By the Hellenistic era (~300BC), the spherical Earth hypothesis was an established given. Moreover, the circumference of the Earth was estimated (with astounding accuracy) by Eratosthenes during this time period. Eratosthenes knew that the Sun was directly overhead during the Summer solstice in the ancient Egyptian city Syene. Aware of the distance from Alexandria to Syene, he was able to approximate the Earth's circumference using trigonometry and the length of a shadow cast in Alexandria during the Summer solstice. His mathematics was sound; had Eratosthenes been working with accurate measurements, his estimate of the Earth's meridional circumference would have been nearly exact.

It is now known that the approximate shape of the Earth is an oblate spheroid. Because the Earth rotates, its spheroidal shape compresses at the poles and bulges at the equator. For convenience, we will stick with the assumption that the Earth is a sphere, but the same arguments can be applied if we acknowledge the oblate structure.

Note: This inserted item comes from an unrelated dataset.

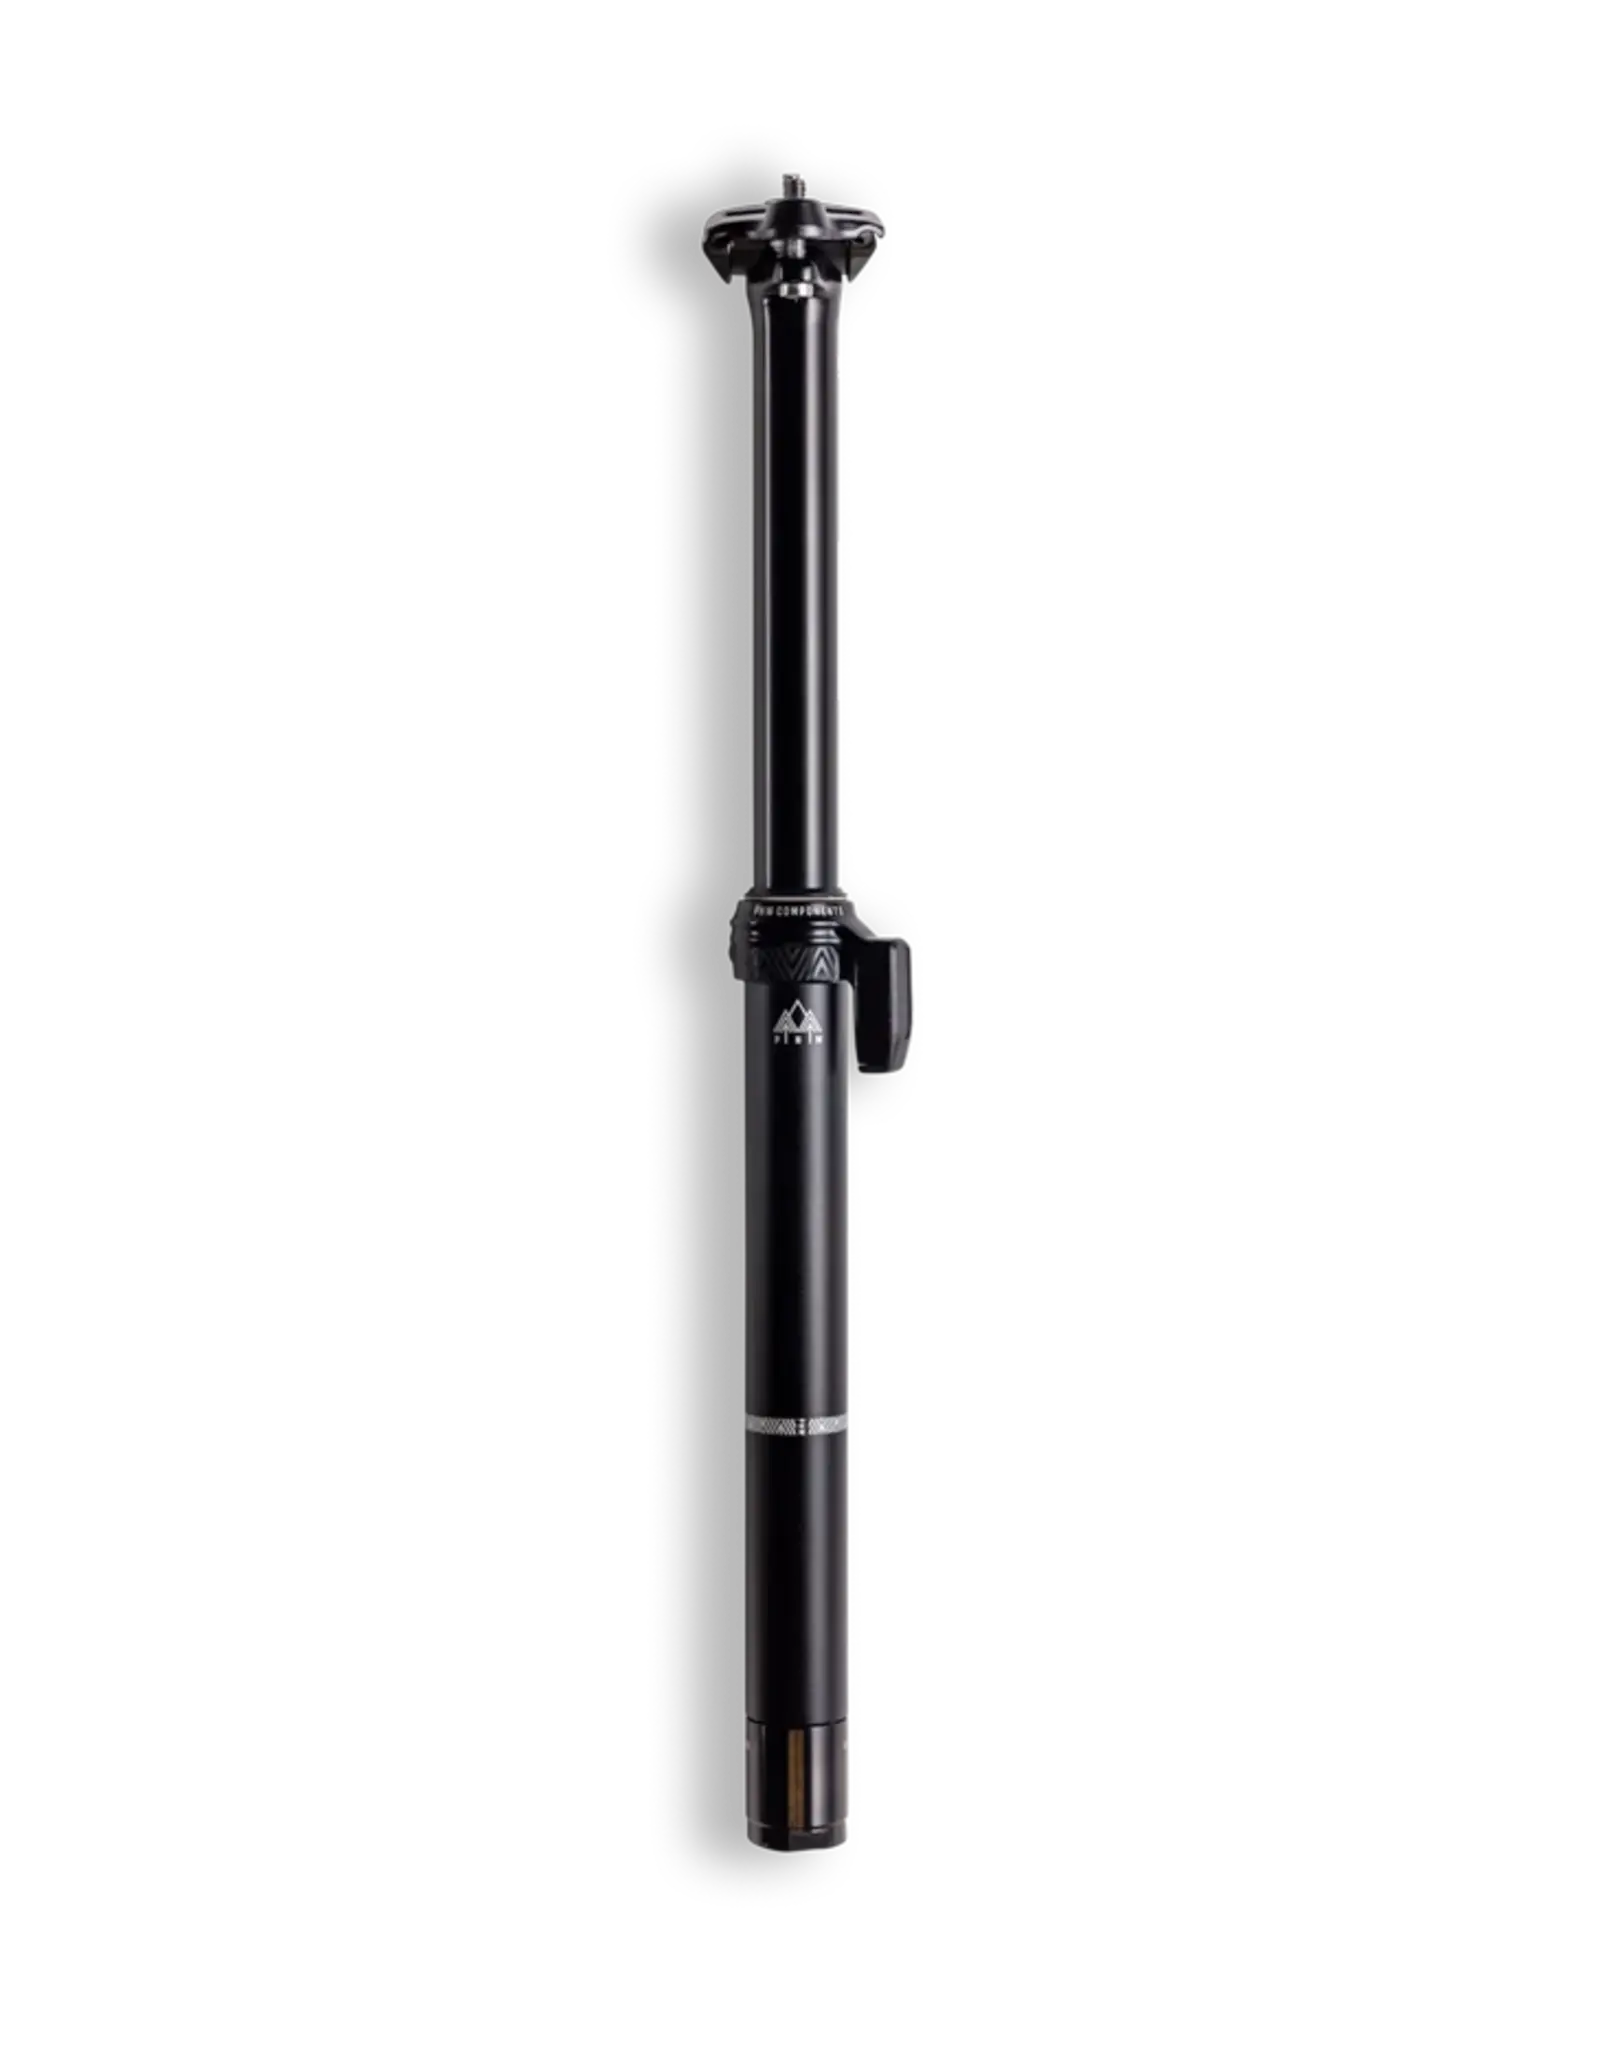 PNW Cascade Dropper - 125mm x 30.9
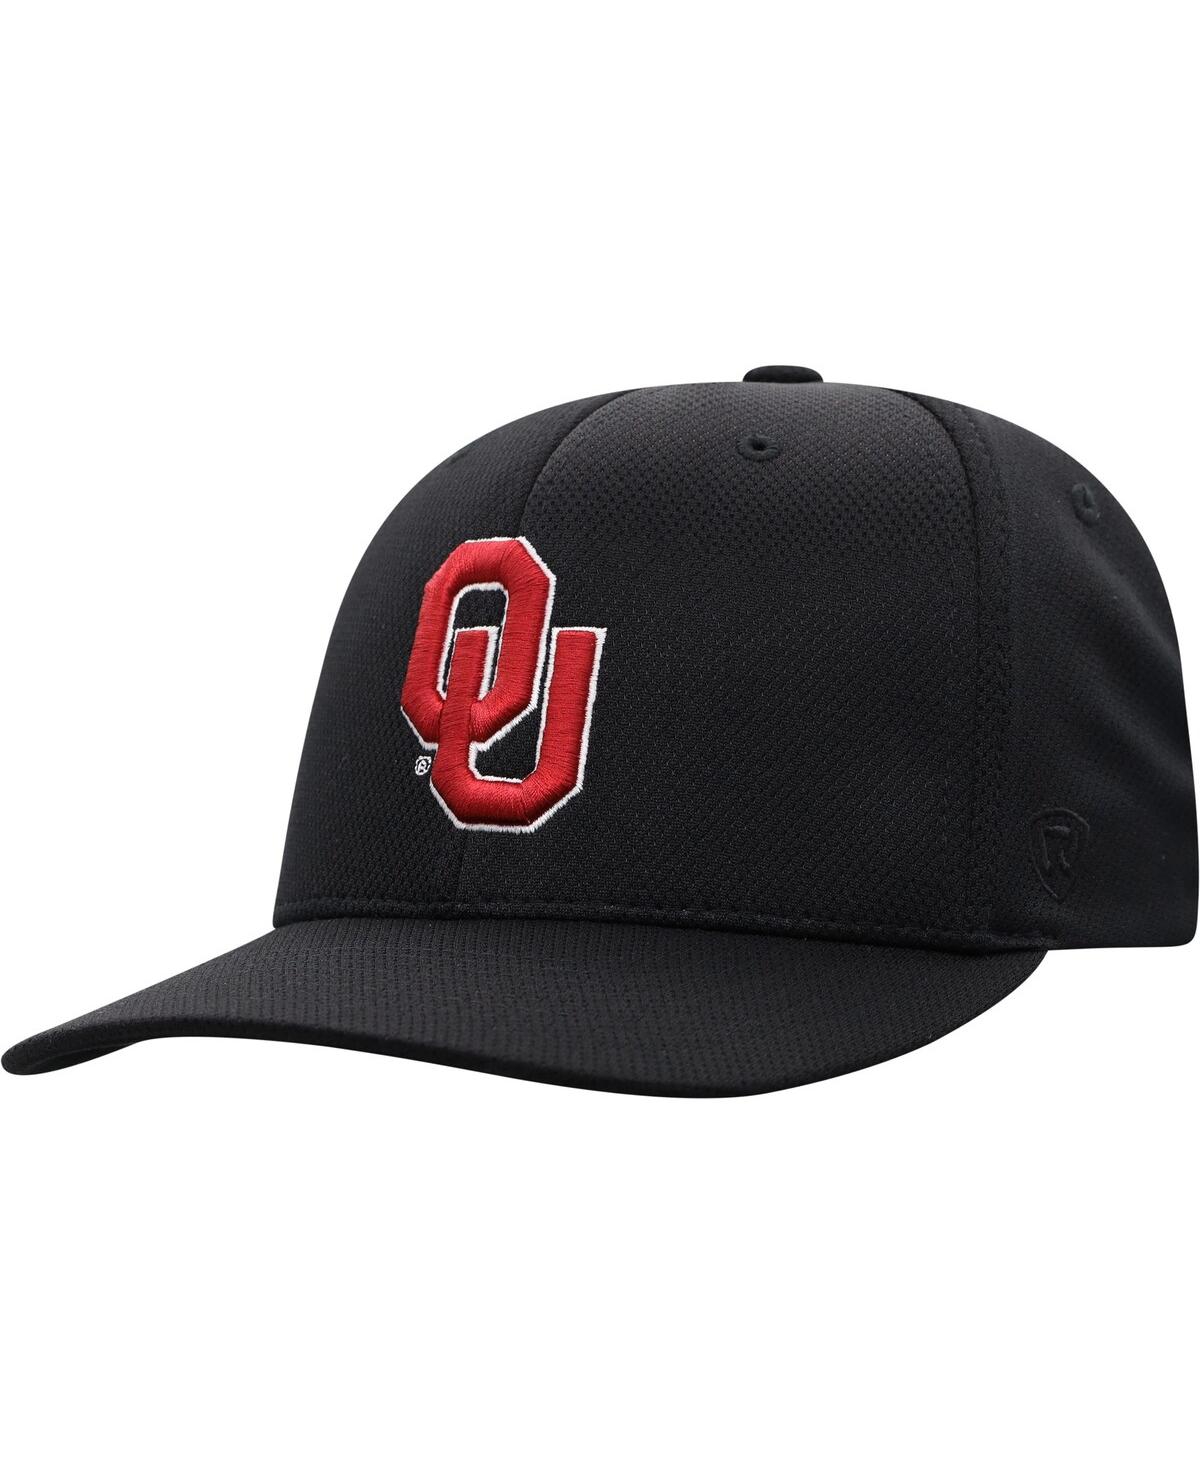 Men's Top Of The World Black Oklahoma Sooners Reflex Logo Flex Hat - Black

The Earth's equator is an example of a great circle. Two points that lie opposite each other on a great circle are said to be diametrically opposed (or antipodal points). Let $C$ be any one of the Earth's great circles. Let $\tau$ be a continuous function mapping each point on the Earth to the temperature at that point. We will generalize the above claim by arguing that some pair of diametrically opposed points $p,q$ on $C$ satisfy $\tau(p) = \tau(q)$.

To prove this claim, we will introduce a new function $\delta(p,q) = \tau(p) - \tau(q)$, defined for all pairs of diametrically opposed points $p,q$ on $C$. Starting with any pair of diametrically opposed points $p,q$, consider the value of $\delta(p,q)$. If $\delta(p,q) = 0$, we have found the desired pair of points since $\delta(p,q) = 0$ only if $\tau(p) = \tau(q)$. Otherwise, observe that $\delta(p,q)$ must take on the opposite sign of $\delta(q,p)$. However, we can move from $p$ along the great circle in a continuous manner, evaluating $\delta$ at all intermediate pairs of diametrically opposed points until we reach $q$. Since $\delta$ changes sign during this process, there must be some intermediate pair of points $p^*, q^*$  for which $\delta(p^*, q^*) = 0$. This argument follows by the continuity of $\delta$ and can be formalized with the intermediate value theorem. Furthermore, observe that the claim holds for any continuous function over the Earth's surface (like barometric pressure or altitude).

A shrewd reader may realize that the above argument can easily be extended to show that there are infinitely many pairs of diametrically opposed points on the Earth's surface with the same temperature. In fact, the Borsuk-Ulam theorem states that, for any continuous mapping $f$ from the sphere onto $R^2$,  there is some pair of diametrically opposed points on the sphere that $f$ maps to the same point in $R^2$. This result can be summarized as follows.

At any point in time, there are two antipodal points on the Earth's surface with the same temperature and barometric pressure.

This claim works for any continuous function mapping points on the Earth's surface to points in $R^2$. In fact, the theorem generalizes to higher dimensional spheres, but the two-dimensional version will suffice to prove the next claim.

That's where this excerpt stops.